Hadiths, the stories about the prophet Mohammed’s life, which are the second-tier basis of Islamic principles (after the Quran), can be cited both for and against women singing in public.


Women have been allowed to sing the verses of the Quran since the beginnings of Islam. Even during Taleban times, they sang at weddings in segregated sections.


However, the manager of the preaching department of the justice ministry, Mawlawee Miranshah, told IWPR that the Voice of Women station is against the Shariah, or Islamic law.


“We accept the rights which are given to women by the Shariah, not others, because ours is an Islamic country, and the culture and religion of the country should be taken into consideration. We don’t want to do what the Taleban did to women, but we can’t accept this [radio station],” he said.


Parween, like other middle-aged and older women, can recall the days when women moved, spoke and sang freely in a modernising Afghanistan. In the Sixties and Seventies, they gave public concerts and numbered among the staff of the music department at Kabul University.


Parween and another famous singer, Sara Zaland, gave a concert in Kabul in 1966 wearing modern clothes that exposed their arms and legs.


In the Eighties, the music department at Kabul University had a number of female employees, including Tajik teachers who formed a song and dance group. Only one of them, Najiba Semin, continues to work in the field, at the music section of the information and culture ministry.


She was involved in a mixed male and female singing group that began in 1983, but was disbanded in 1992, after the fall of the Najibullah regime.


She hopes to see the rebirth of women’s music, through classes such as those offered at Kabul University.


The two girls who enrolled in the classes at the university last semester are sisters, Raqeeba, 16, and Rahima, 13. Their mother is from Iran and their father is Afghan, and the family came to Afghanistan last fall after living 25 years in exile.

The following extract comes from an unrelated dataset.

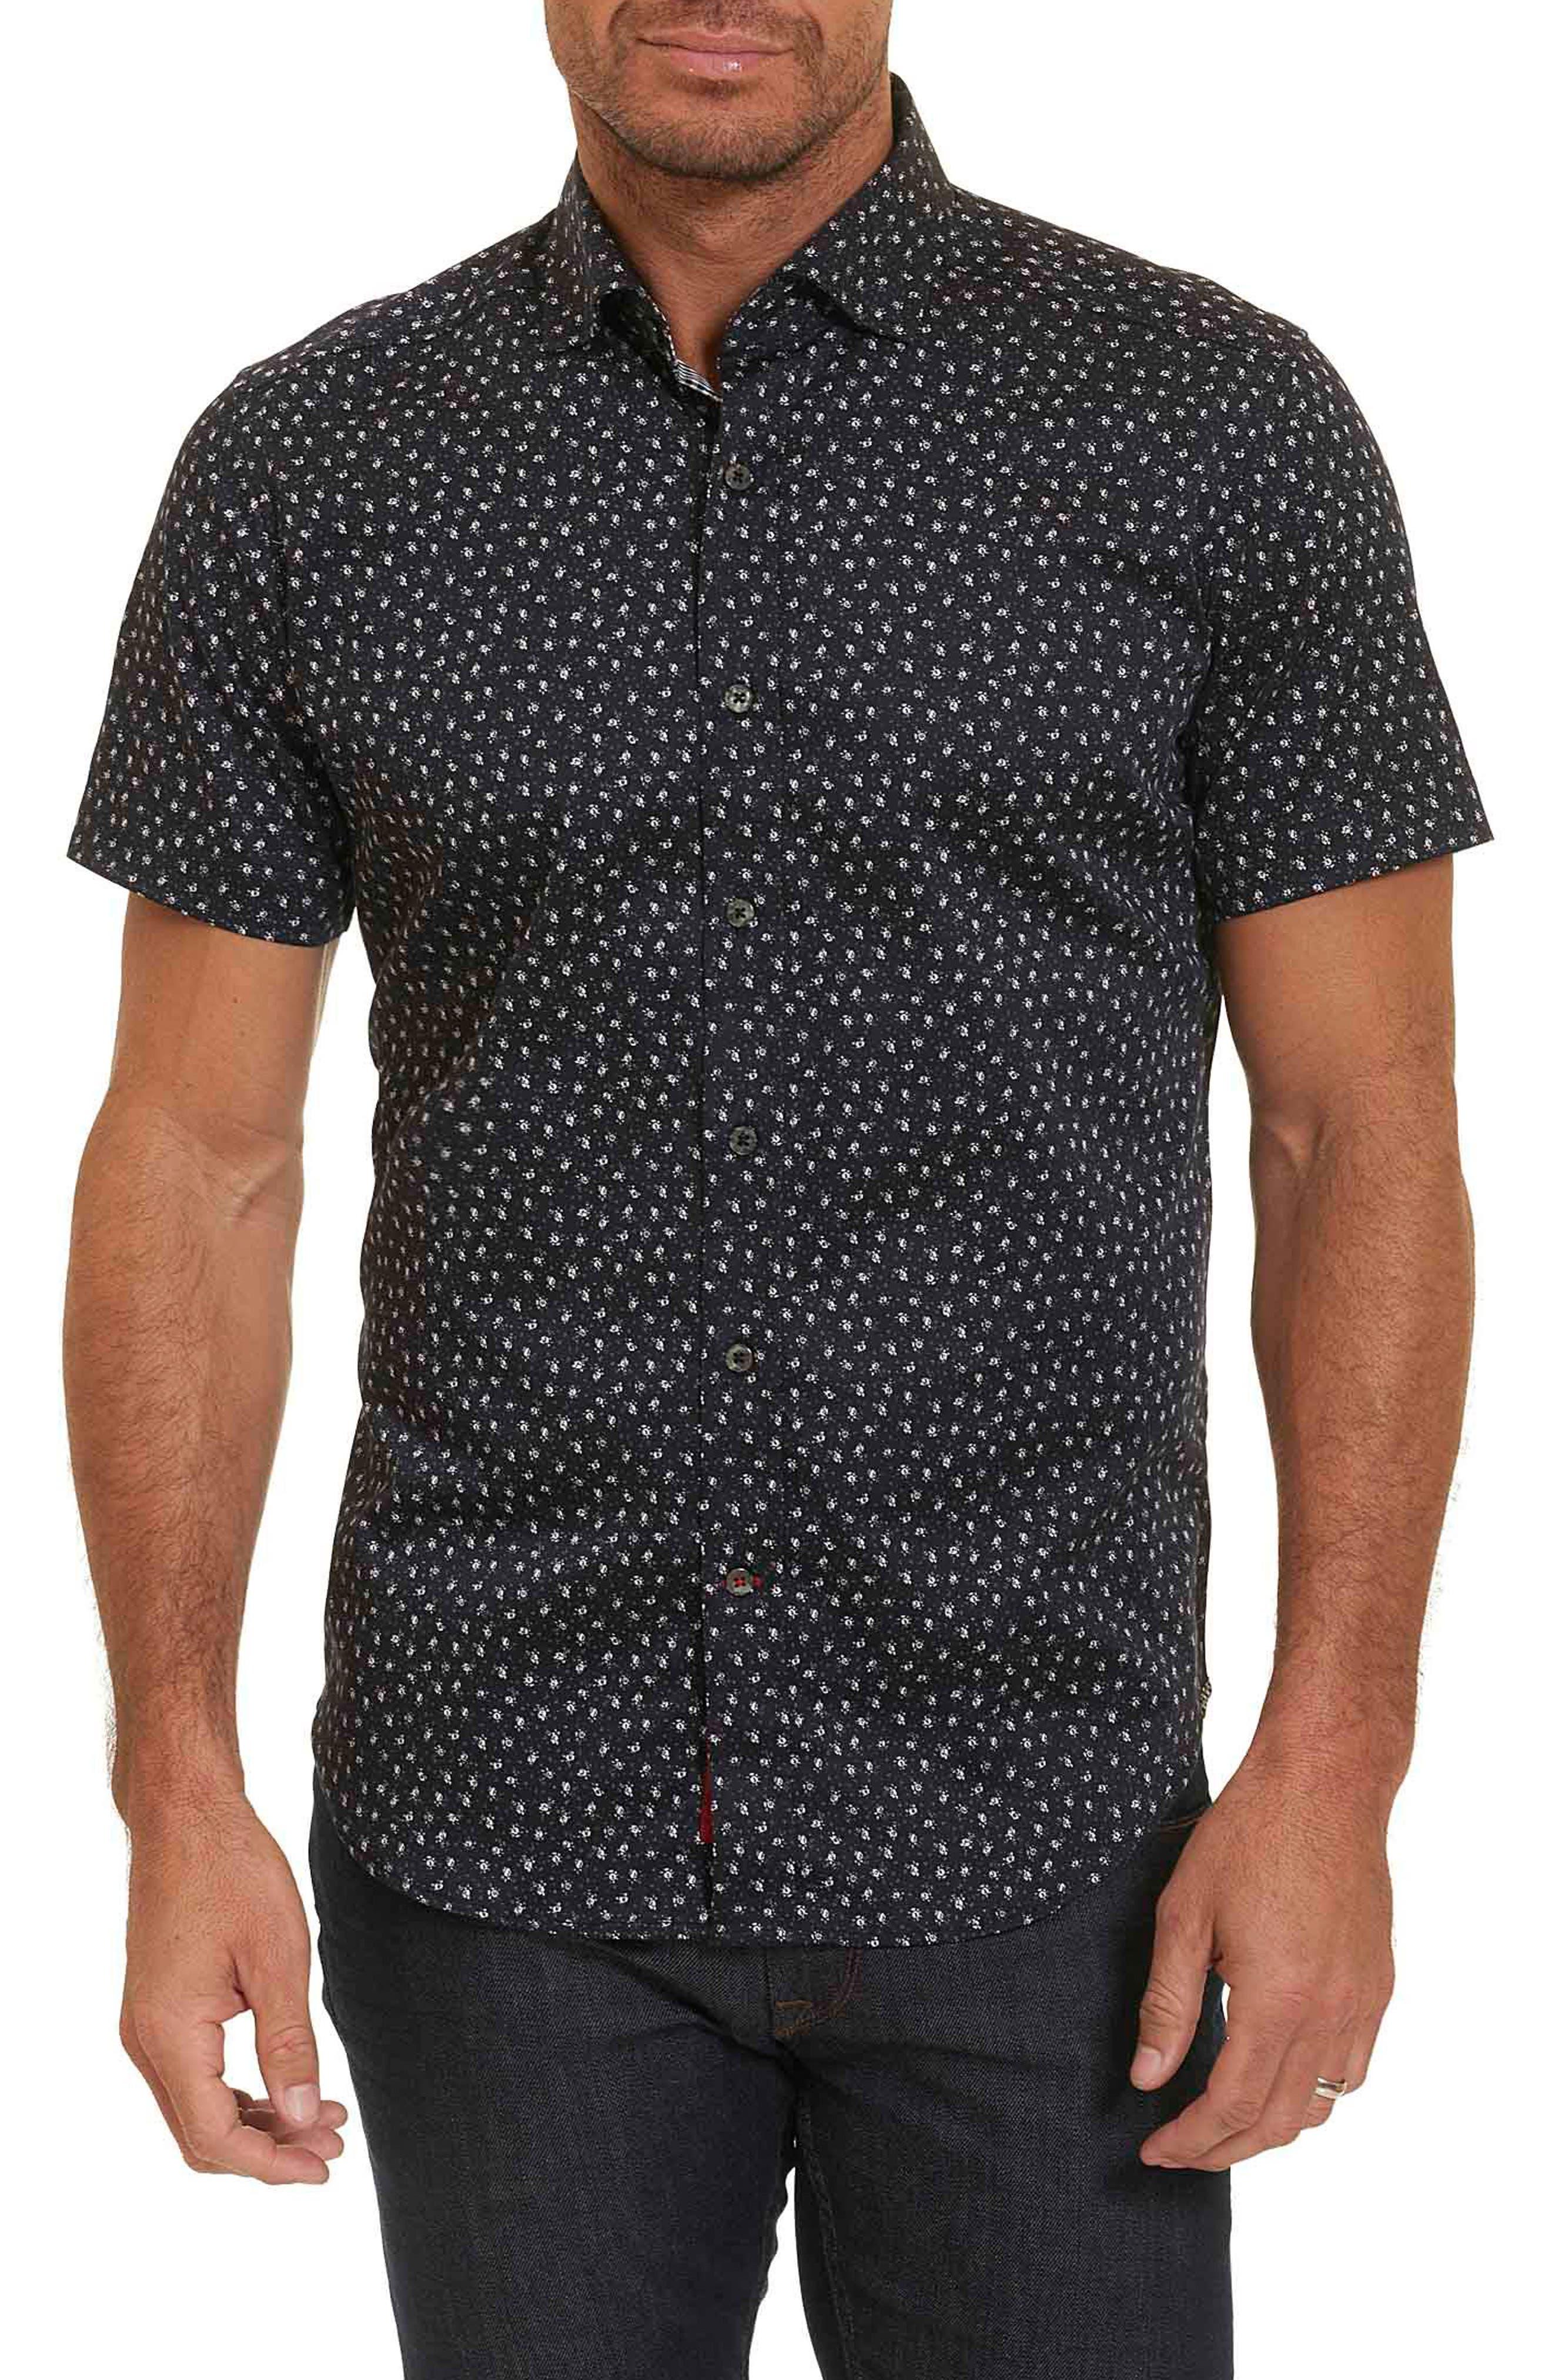 Main Image - Robert Graham Miki Tailored Fit Print Short Sleeve Sport Shirt

Raqeeba and Rahima sing and study the armonya (a kind of accordion) as part of the certificate courses in music. Raqeeba was too engrossed in her playing to be interviewed, but Rahima took a moment from her concentrated study to say, “Music gives me a feeling of contentment. I’m interesting in learning to play even more.”


Akbar Bayi, director of the music section at the ministry of information and culture, said that the government has encouraged Afghan artists who have left the country to return and help rebuild the country’s musical traditions.

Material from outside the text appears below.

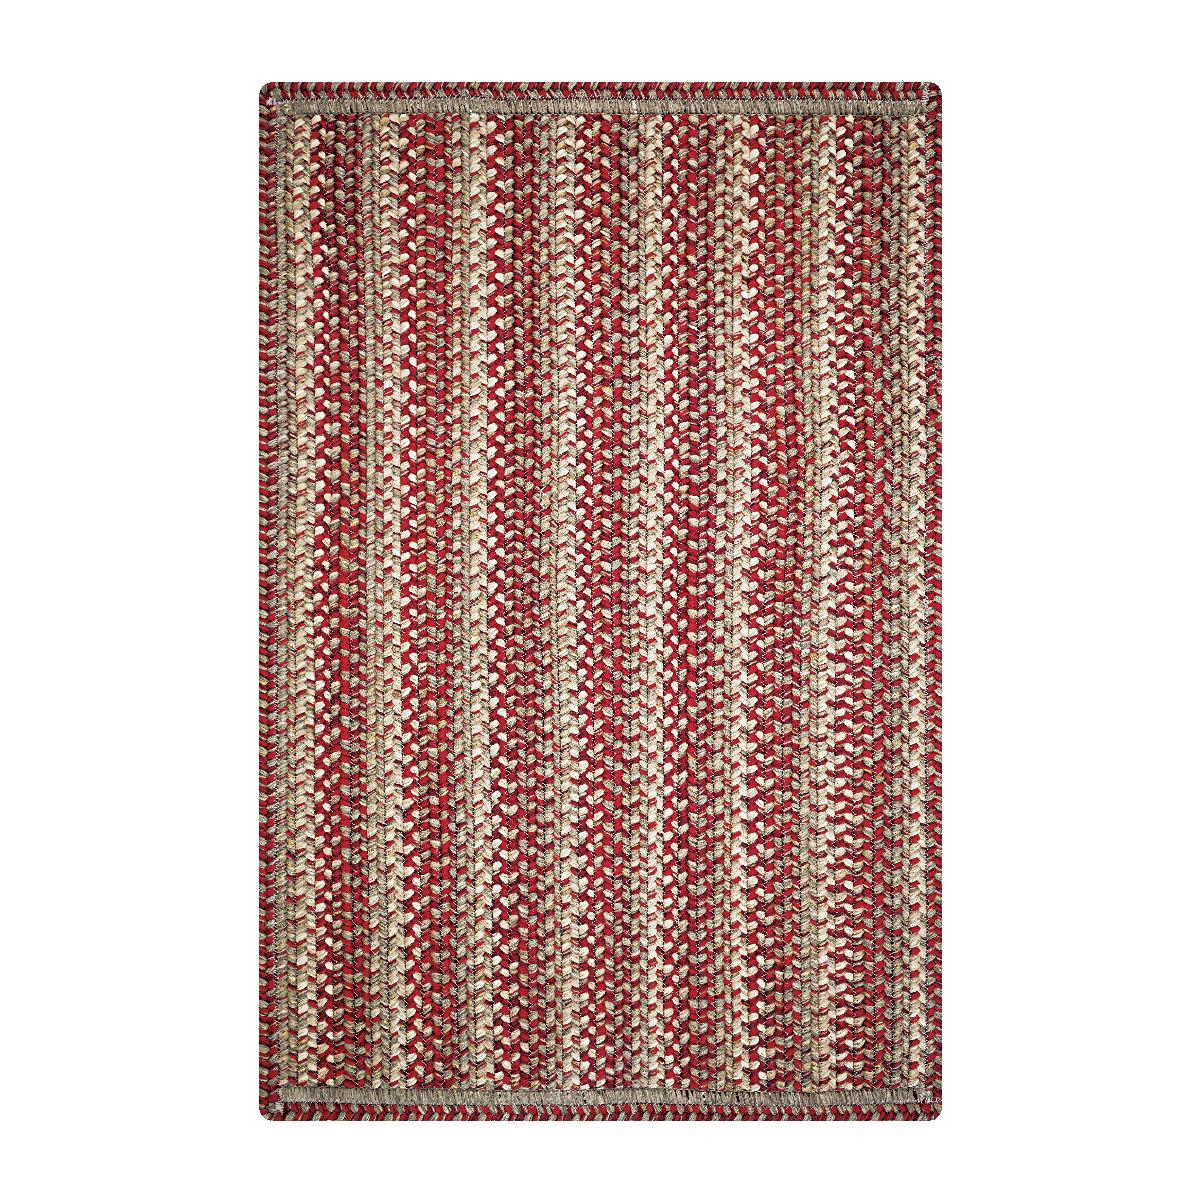 August Grove Emilee Hand Braided Red Area Rug Wayfair

But he acknowledged that male and female musicians alike are still at risk from conservative Afghans.


A few months ago, in a village just north of Kabul, four musicians were beaten when they came to sing at a party. And before that, two were killed for performing at a wedding party in Paghman, just outside Kabul.


Mohammad Azim Hussaizada, a music teacher in the university programme, said classes are to continue despite the opposition to women performing. “During the last years of war, women rights and needs were ignored. We have given place to girls in the music department so they can succeed in the arts,” he said.

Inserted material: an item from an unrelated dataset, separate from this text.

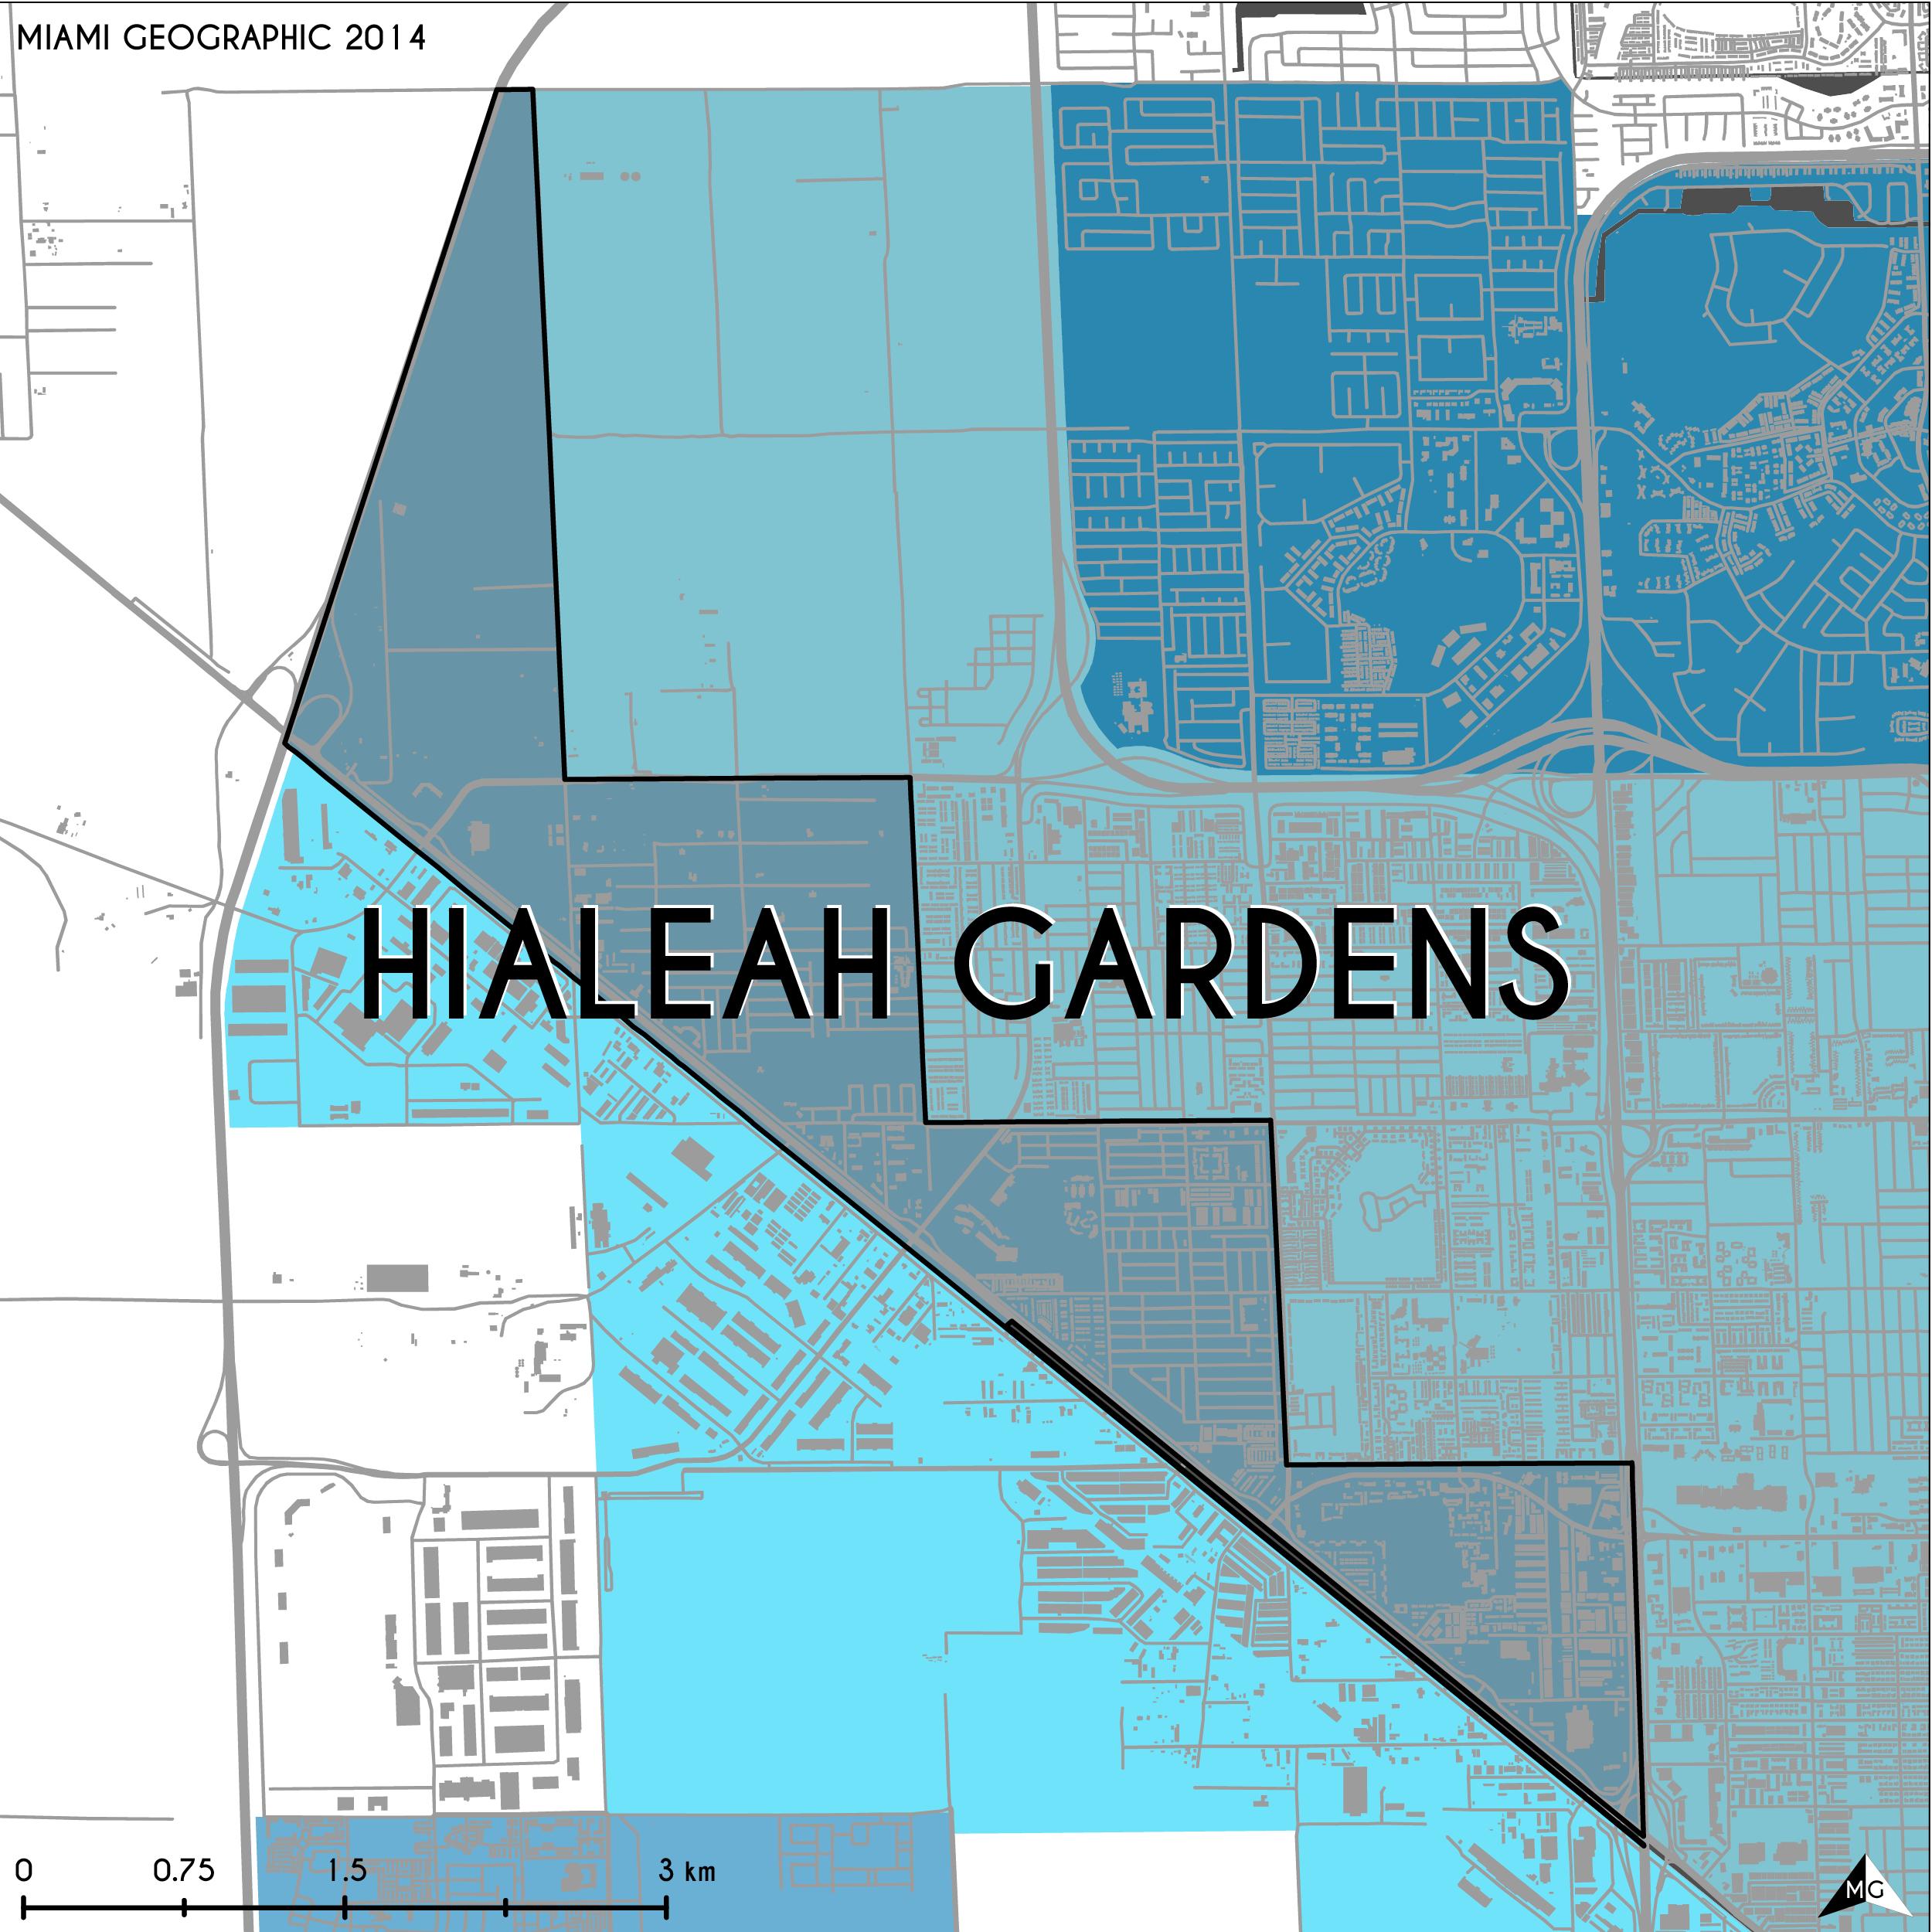 Hialeah Florida Map.Maps Municipalities Of Miami Dade County Miami Geographic

Anything that gives Afghan women a greater voice in society, no matter what the form, is welcomed by most of the younger, educated women.


Suraya, a third-year medical student at Kabul University, told IWPR, “After so much destruction and fighting in the country, steps towards democracy are being taken and women’s rights are being protected. This is a matter of great pride. Now we want the government to lift the ban of women’s music on television.”


Haseena Sulaiman and Habib Rahman Ibrahimi are independent journalists in Kabul.